Your task =
The reply must repeat the listing below exactly and carry none of its pictures.

Data block =
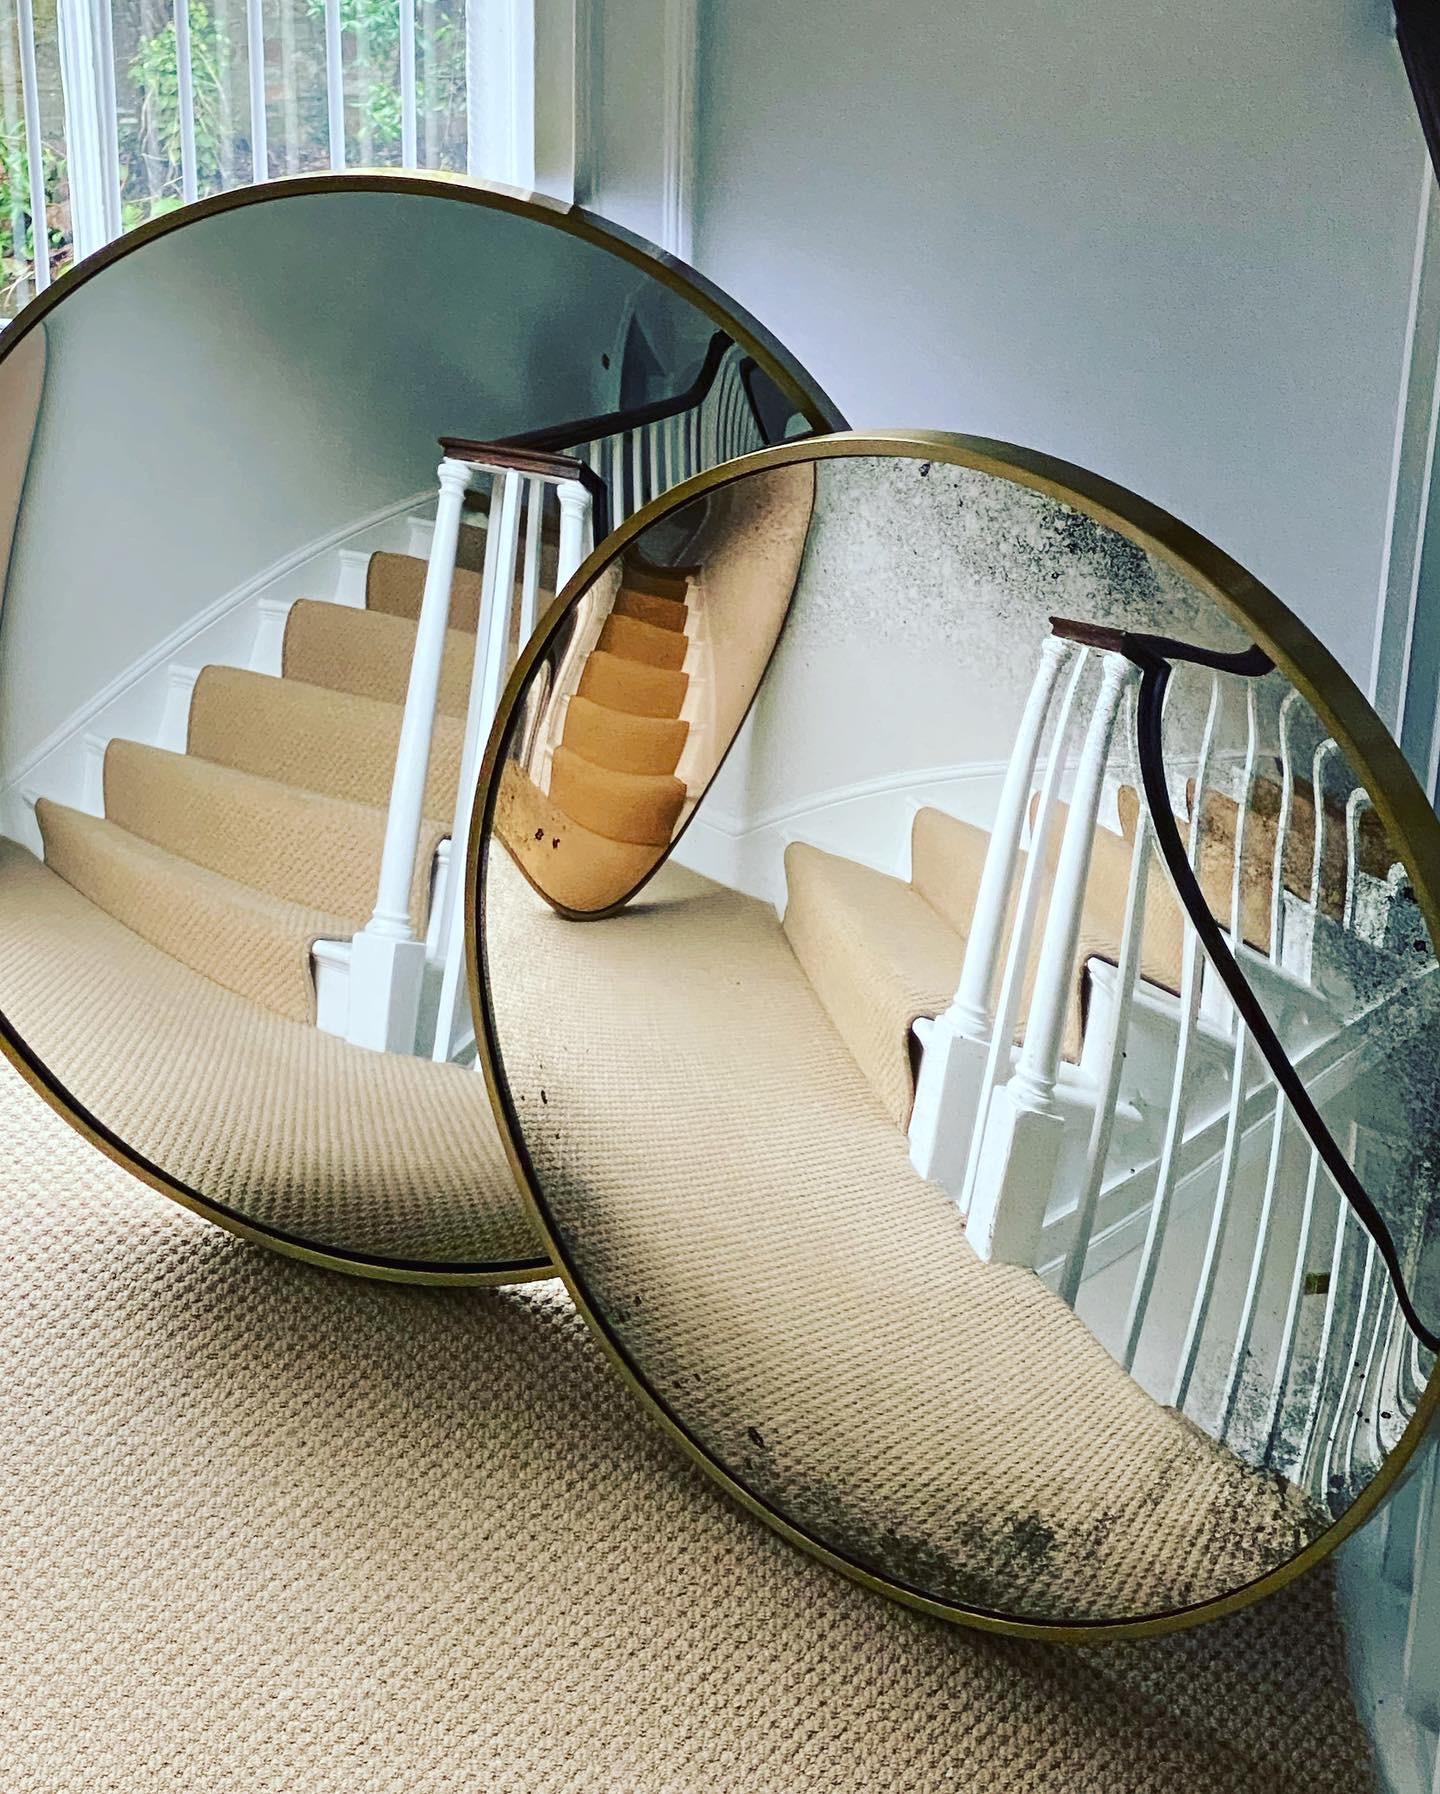 The Ferrara convex mirror is a highly decorative convex wall mirror that creates a focal point and adds elegance to any room. The mirror itself is silvered using traditional methods and fabricated from 6mm low iron glass with a curvature of 7 cms.
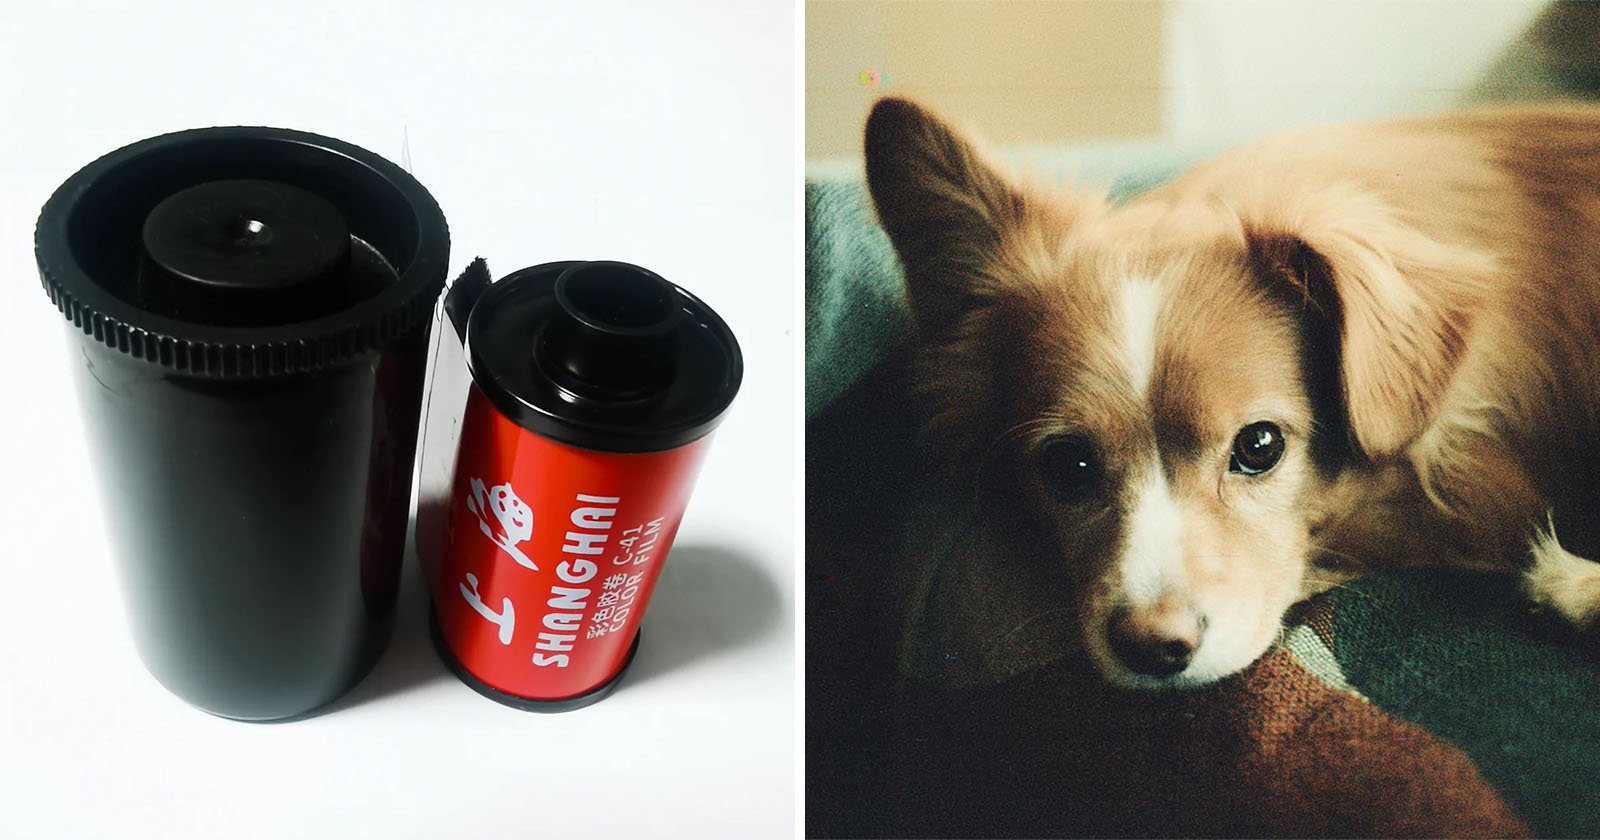 Left: a film canister next to a small red soda can with cyrillic script. right: a light brown and white dog resting its head on a green surface, looking directly at the camera.
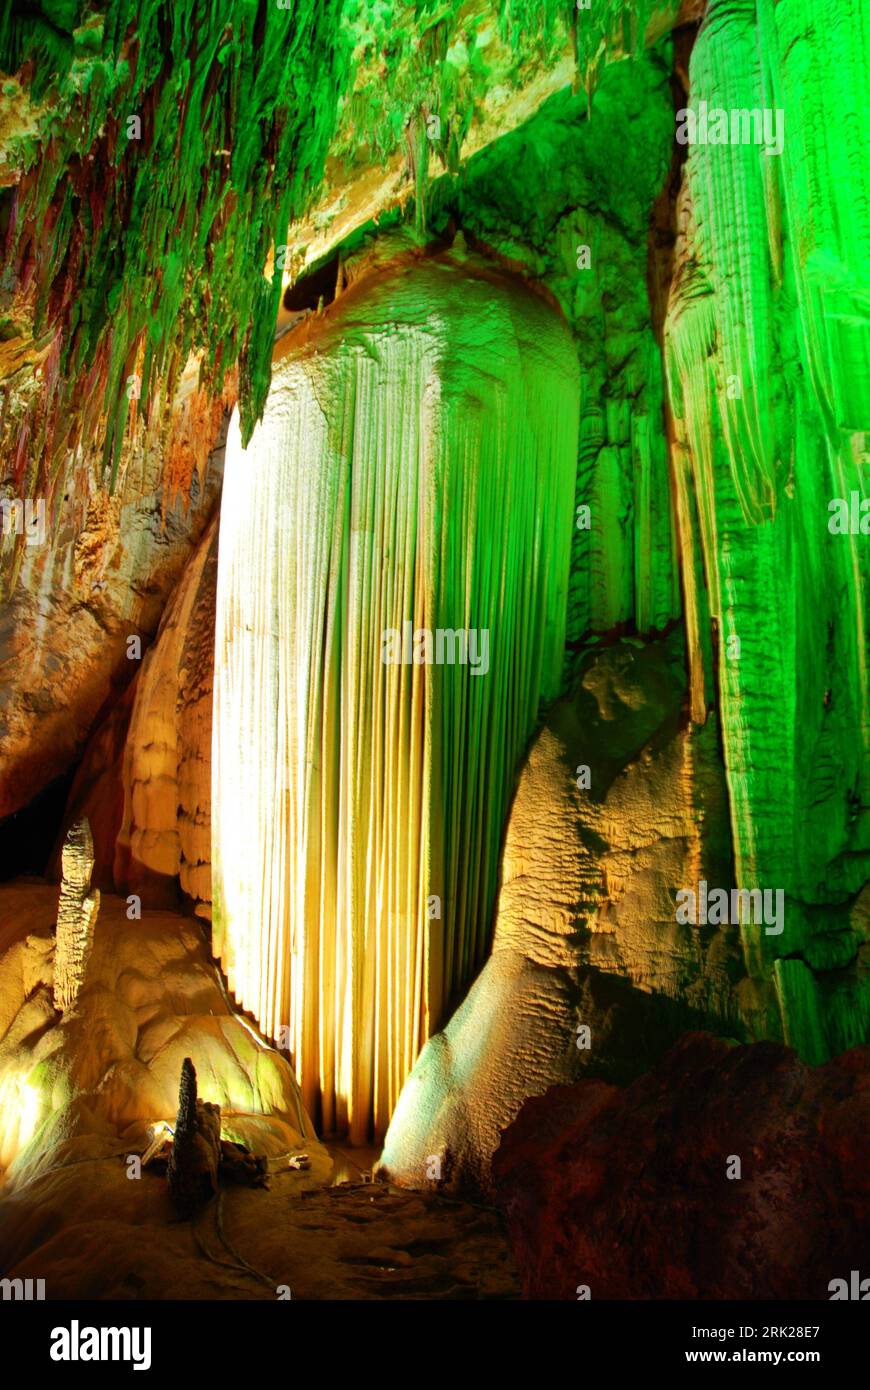 Bildnummer: 53153734  Datum: 28.04.2009  Copyright: imago/Xinhua  Photo taken on April 24 shows the stalactite in the Furong Karst Cave in Wulong County of southwest China s Chongqing. kbdig   Tropfstein in der Furong Karst Höhle in Wulong County of Südwest China s Chongqing. Tropfsteinhöhle hoch    Bildnummer 53153734 Date 28 04 2009 Copyright Imago XINHUA Photo Taken ON April 24 Shows The stalactite in The Furong Karst Cave in Wulong County of Southwest China S Chongqing Kbdig Stalactite in the Furong Karst Cave in Wulong County of Southwest China S Chongqing Cave vertical Stock Photo

Problem solution =
 The Ferrara convex mirror is a highly decorative convex wall mirror that creates a focal point and adds elegance to any room. The mirror itself is silvered using traditional methods and fabricated from 6mm low iron glass with a curvature of 7 cms.
 Left: a film canister next to a small red soda can with cyrillic script. right: a light brown and white dog resting its head on a green surface, looking directly at the camera.
 Bildnummer: 53153734  Datum: 28.04.2009  Copyright: imago/Xinhua  Photo taken on April 24 shows the stalactite in the Furong Karst Cave in Wulong County of southwest China s Chongqing. kbdig   Tropfstein in der Furong Karst Höhle in Wulong County of Südwest China s Chongqing. Tropfsteinhöhle hoch    Bildnummer 53153734 Date 28 04 2009 Copyright Imago XINHUA Photo Taken ON April 24 Shows The stalactite in The Furong Karst Cave in Wulong County of Southwest China S Chongqing Kbdig Stalactite in the Furong Karst Cave in Wulong County of Southwest China S Chongqing Cave vertical Stock Photo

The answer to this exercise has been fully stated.